Applying Data Science in Manufacturing: Part II — Batch Process Methodology and Lessons Learned

In Part I of this post (https://medium.com/@ryandmonson/applying-data-science-in-manufacturing-part-i-background-and-introduction-ccb15743e001) I hypothesized that Machine Learning modeling and subsequent control of process parameters could help reduce variation in Manufacturing.

In this post I’ll go through steps to create a predictive model for alloy grade using inputs from a metal alloy manufacturing dataset on the Kaggle website. Training and testing datasets for the metal alloy manufacturing are found on Kaggle at https://www.kaggle.com/esotericazzo/metal-furnace-dataset. All coding is in Python.

READ AND SUMMARIZE DATASETS

Code for importing Numpy, Pandas and OS:

import numpy as np 
import pandas as pd

#Input data files are available in the read-only "../input/" directory

import os
for dirname, _, filenames in os.walk('/kaggle/input'):
    for filename in filenames:
        print(os.path.join(dirname, filename))

Code to read in the datasets as Pandas dataframes and summarize:

#Read data into Pandas dataframes, describe

df_test = pd.read_csv("/kaggle/input/metal-furnace-dataset/Test.csv")
df_train = pd.read_csv("/kaggle/input/metal-furnace dataset/Train.csv")
pd.set_option('display.float_format', lambda x: '%.3e' % x)

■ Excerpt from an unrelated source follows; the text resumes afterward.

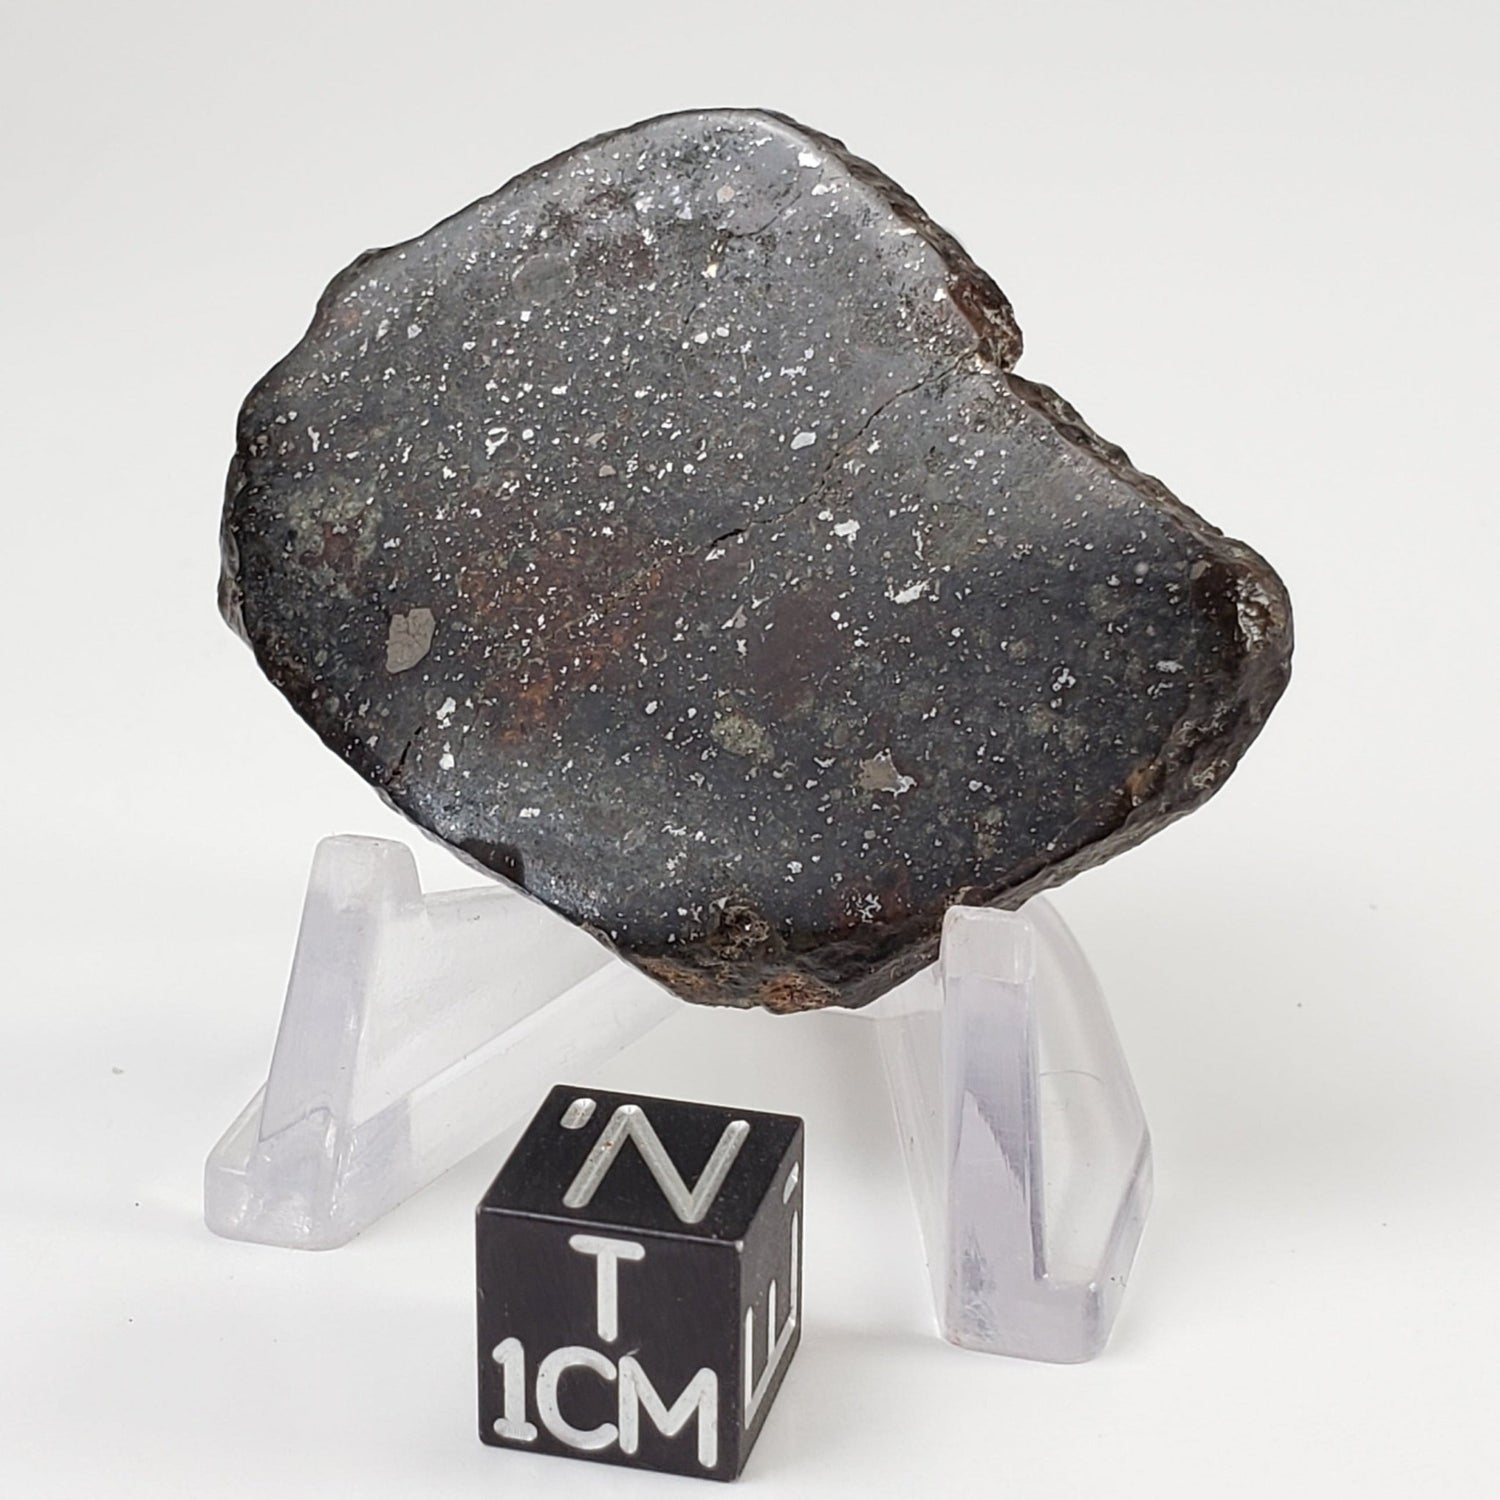 Sahara 02500 Meteorite | 17.54 Gr | Slice | L3 Chondrite | Wadi Mellene, Algeria | Sahara Desert

print("train shape:",df_train.shape, "test shape:", df_test.shape)
df_train.describe()

From the printed output we learn:

• The df_train shape is (620, 29). The test shape is (266, 28).
• All column values have been standardized to a z/t statistic
  - It is unknown if the train and test datasets were independently standardized to avoid data leakage.
• Column f9 is all zeros.

Histograms of data in the dataframe columns are available on Kaggle. From these we learn:

• f0, f22-f24 look like continuous variables. The other x variable columns appear categorical
• The y variable column “grade” takes on integer values 0–4
• There are no missing values

From this point forward x variables will be referred to as ‘features’, the y variable as ‘target’.

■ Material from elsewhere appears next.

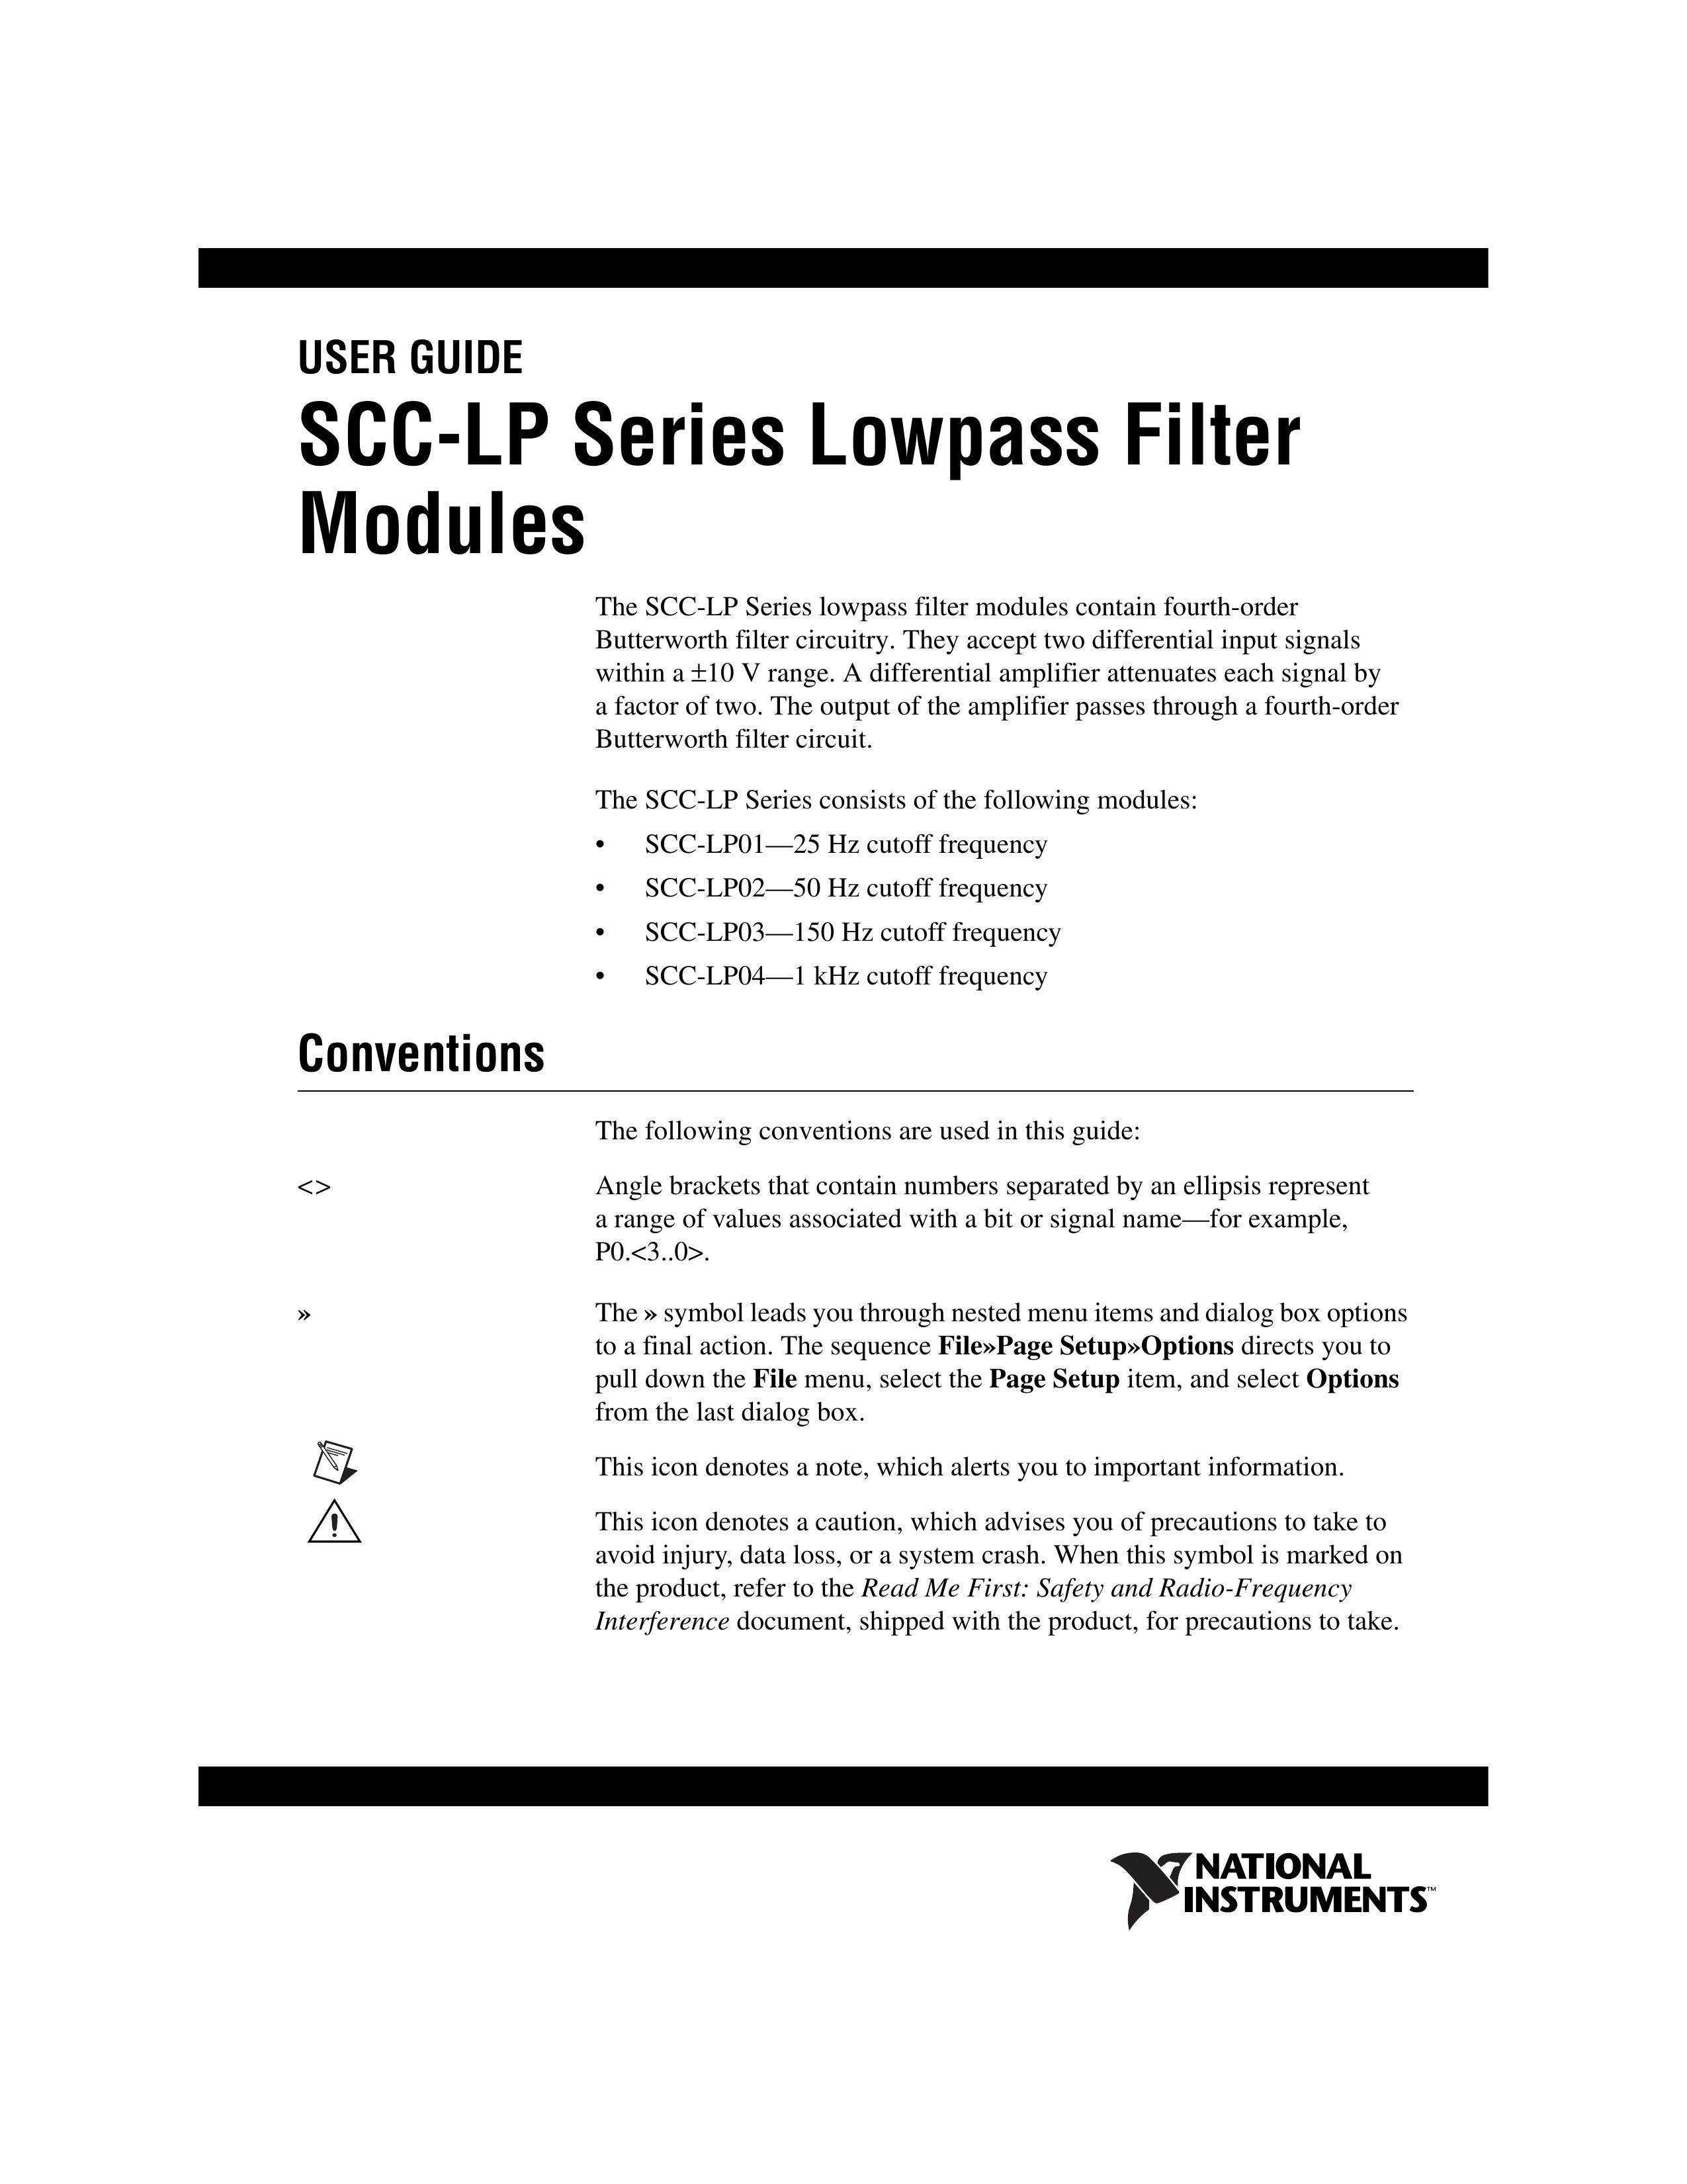 National Instruments SCC-LP03 Dryer Accessories User Manual

In order to better understand the feature data the following code was used to plot the number of unique values per column:

# plot out the number of unique values in each column
import matplotlib.pyplot as plt
import seaborn as sns
sns.set(style = 'ticks')

unique_values = {}
for x in x_params:
    unique_values[x] = df_train[x].value_counts().size

fig = plt.figure(figsize = (12,8))
ax = fig.add_subplot(111)
height = unique_values.values()
x = np.arange(len(x_params))
y = range(0,80,5)
plt.bar(x = x, height = height)
tick_positions = range(0,len(unique_values))
ax.set_xticks(tick_positions)
ax.set_xticklabels(unique_values.keys(), rotation =90, size = 12)
ax.set_xlabel("Parameter", c = 'y', size = 18)
ax.set_yticks(y)
ax.set_yticklabels(y)
ax.tick_params(axis = 'both',colors = 'black')
ax.grid(axis = 'y')
ax.set_ylabel("# of Unique Values", c = 'y', size = 18)
plt.show()

# of Unique Values in each Column of the Train DataFrame

From this plot we learn:

• Parameters f22 — f24 have over 20 unique values
• Parameters f0 — f2, f5 have 5 to 10 unique values
• All other parameters (21 total) have < 5 unique values.

f0 — f27 are a mixture of continuous and numeric categorical variables.

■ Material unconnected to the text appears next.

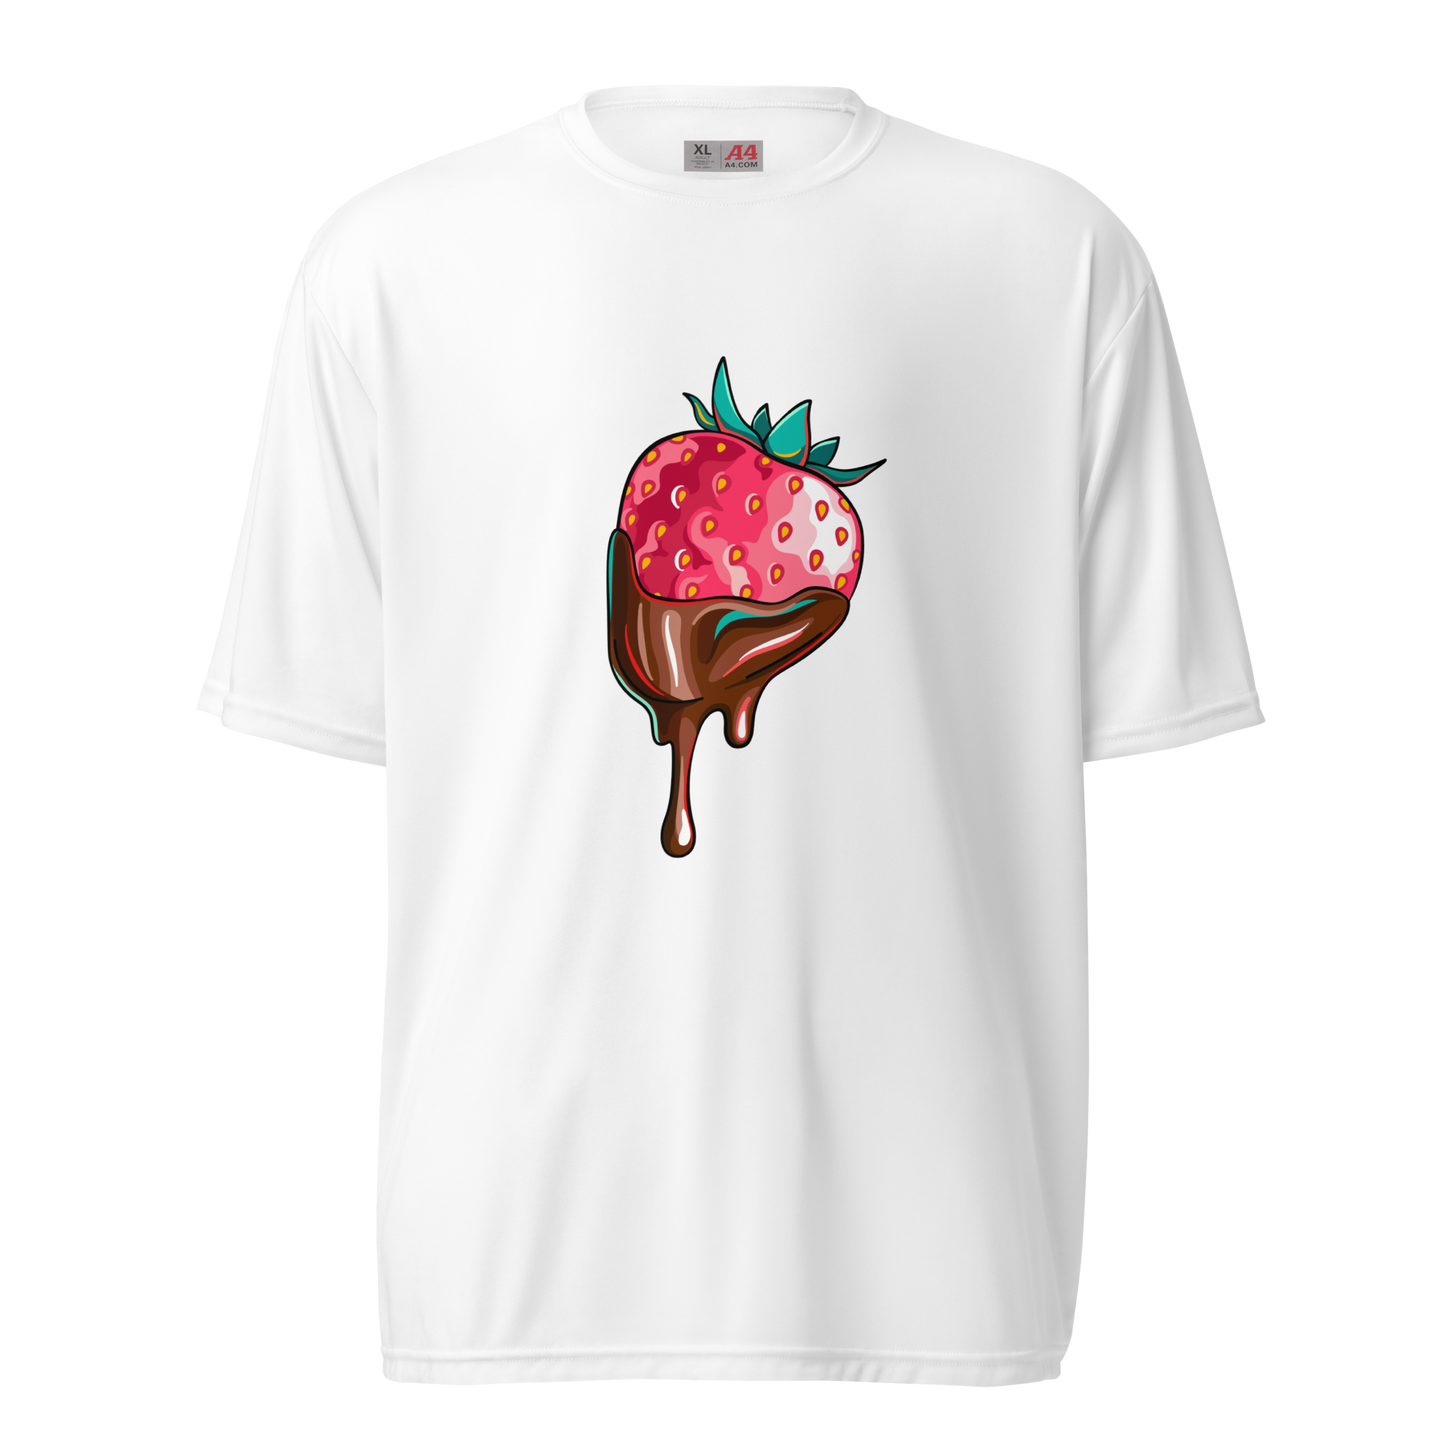 Strawberry Meltdown - Unisex performance crew neck t-shirt

Given the data is numeric a regression model for alloy grade prediction makes sense. A classification model also makes sense, given that so many variables are categorical. Regression is understood and used regularly by engineers in manufacturing industries. Classification not so much.

Begin modeling with regression. Before building the model, however, multicollinearity in the feature data will be checked. Also, a function will be created to bin model output for actual vs. predicted comparison.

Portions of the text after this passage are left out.